Abstracts
The New Complexity Landscape around Circuit Minimization
Eric Allender
The Minimum Circuit Size Problem (MCSP) has been a central problem in the study of computational complexity theory for a long time, and promises to remain a focus of attention for many years to come. This problem can be said to capture the question of whether it is difficult to prove lower bounds; it appears to be hard, but is it really? This talk will touch on the rich connections between MCSP and other topics in theoretical computer science, and will survey some of the remarkable recent progress that has been made.
slides
Spectral graph modification for improved spectral clustering
Yiannis Koutis
Spectral clustering algorithms provide approximate solutions
to hard optimization problems that formulate graph partitioning in
terms of the graph conductance. It is well understood that the quality
of these approximate solutions is negatively affected by a possibly
significant gap between the conductance and the second eigenvalue of
the graph. In this paper we show that for
any graph
G,
there exists a
spectral maximizer
graph
H which is cut-similar to
G, but has eigenvalues that are near the theoretical limit implied
by the cut structure of
G. Applying then spectral clustering on
H
has the potential to produce improved cuts that also exist in
G due
to the cut similarity. This leads to the second contribution of this
work: we describe a practical spectral modification algorithm that
raises the eigenvalues of the input graph, while preserving its cuts.
Combined with spectral clustering on the modified graph, this yields
demonstrably improved cuts.
Fast, cheap, but in control: sublinear-time algorithms for approximate computations
Dana Ron
When we refer to efficient algorithms, we usually mean polynomial-time algorithms.
However, there are many scenarios in which the input is very large, and we seek even more efficient algorithms whose running time is sublinear in the size of the input. Such algorithms do not even read the entire input, but rather sample random parts of the input and are required to output approximately good answers with high success probability.
In this talk I will try and give a flavor of research in the area of sublinear-time algorithms.
slides
Depth-Width Trade-offs for ReLU Networks via Sharkovsky's Theorem
Vaggos Chatziafratis
Understanding the representational power of Deep Neural Networks
(DNNs) and how their structural properties (e.g., depth, width, type
of activation
unit) affect the functions they can compute, has been an important
yet challenging question in deep learning and approximation theory.
In a seminal paper, Telgarsky high- lighted the benefits of depth by
presenting a family of functions (based on simple triangular waves)

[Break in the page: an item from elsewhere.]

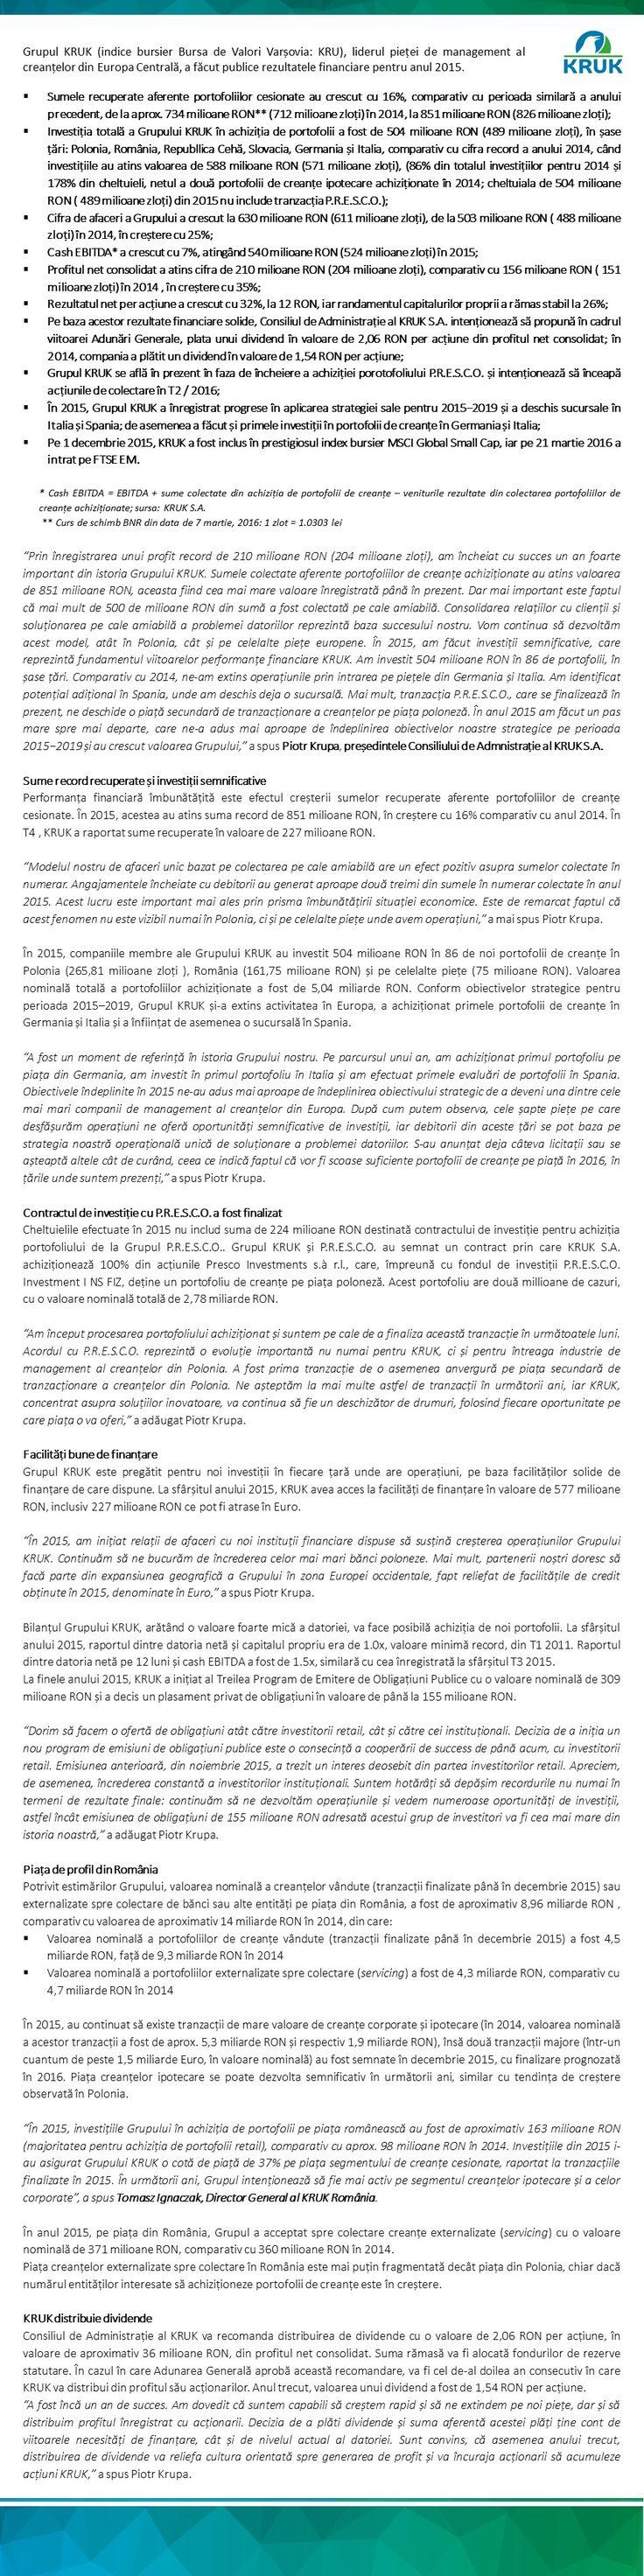 Mai multe detalii aici http://ro.kruk.eu/download/gfx/kruk/ro/defaultmultilistaplikow/47/47/1/comunicat_de_pres_rezultate_financiare_2015_grupul_kruk.docx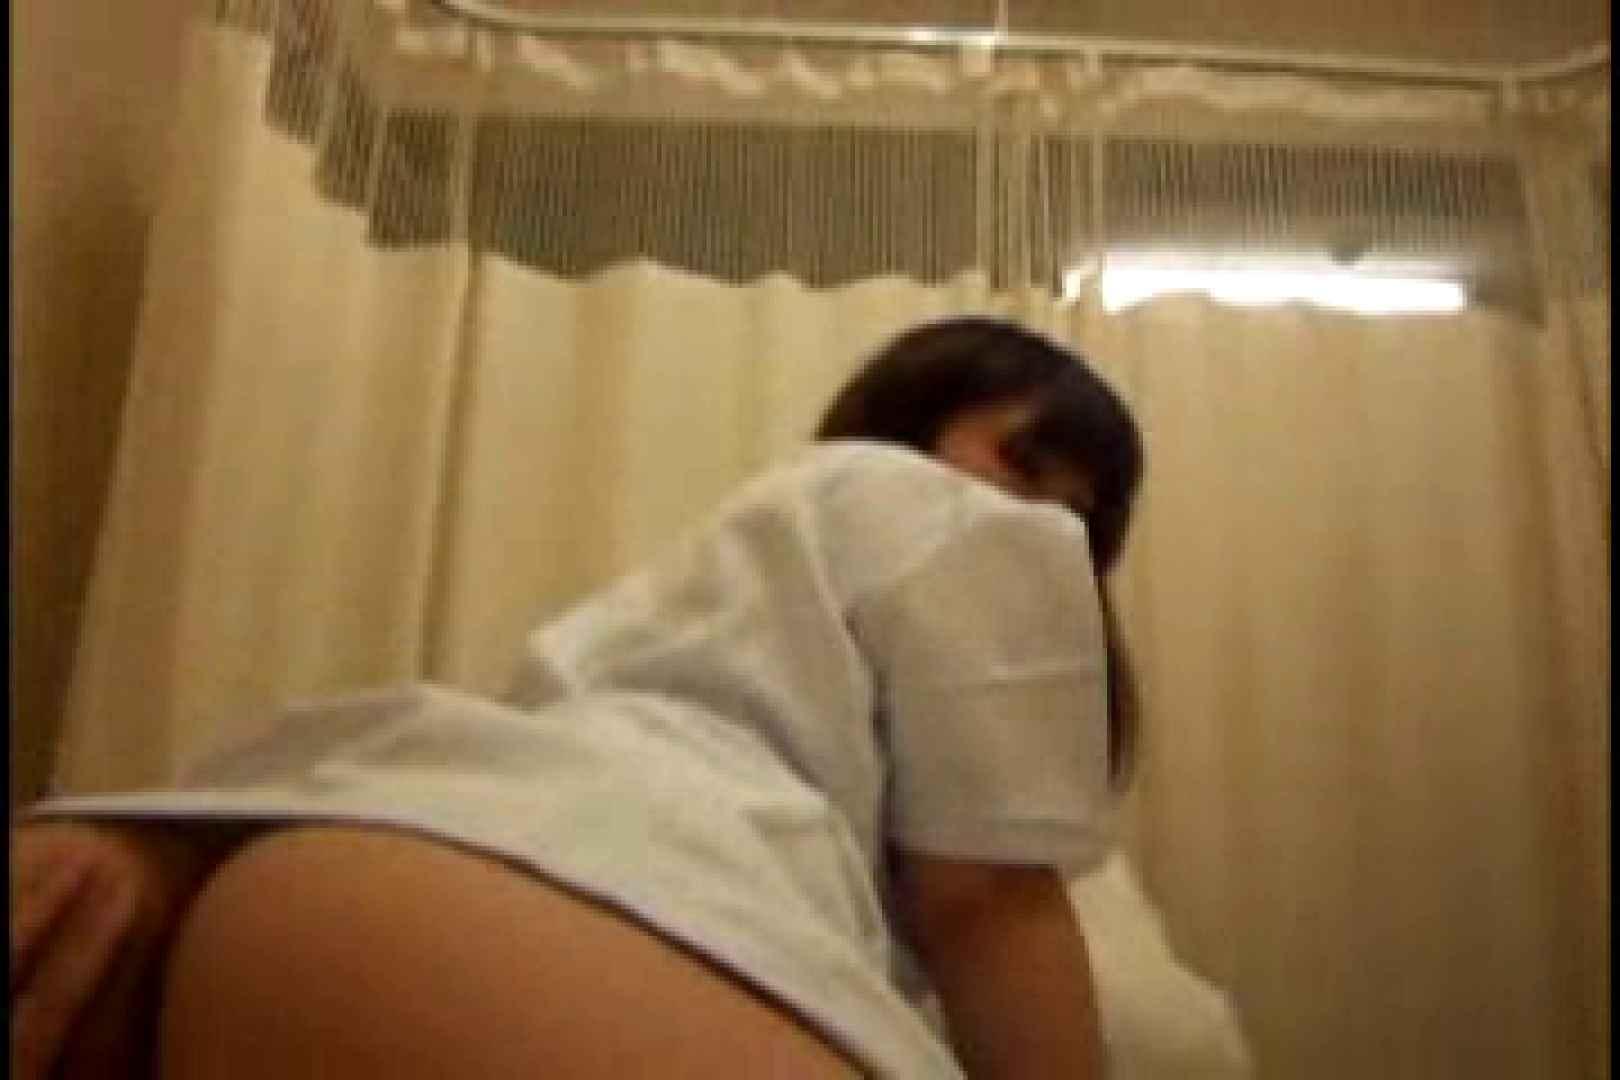 ヤリマンと呼ばれた看護士さんvol2 フェラ  106pic 96

for which DNNs achieve zero classification error, whereas shallow
networks with fewer than exponentially many nodes incur constant
error. Even though Telgarsky's work reveals the limitations of
shallow neural networks, it doesn't inform us on why these functions
are difficult to represent and in fact he states it as a tantalizing
open question to characterize those functions that cannot be
well-approximated by smaller depths. In this work, we point to a new
connection between DNNs expressivity and Sharkovsky's Theorem from
dynamical systems, that enables us to characterize the depth-width
trade-offs of ReLU networks for representing functions based on the
presence of a generalized notion of fixed points, called periodic
points (a fixed point is a point of period 1). Motivated by our
observation that the triangle waves used in Telgarsky's work contain
points of period 3 - a period that is special in that it implies
chaotic behaviour based on the celebrated result by Li-Yorke - we
proceed to give general lower bounds for the width needed to
represent periodic functions as a function of the depth. Technically, the crux of our approach is based on an eigenvalue analysis of the dynamical systems associated with such functions.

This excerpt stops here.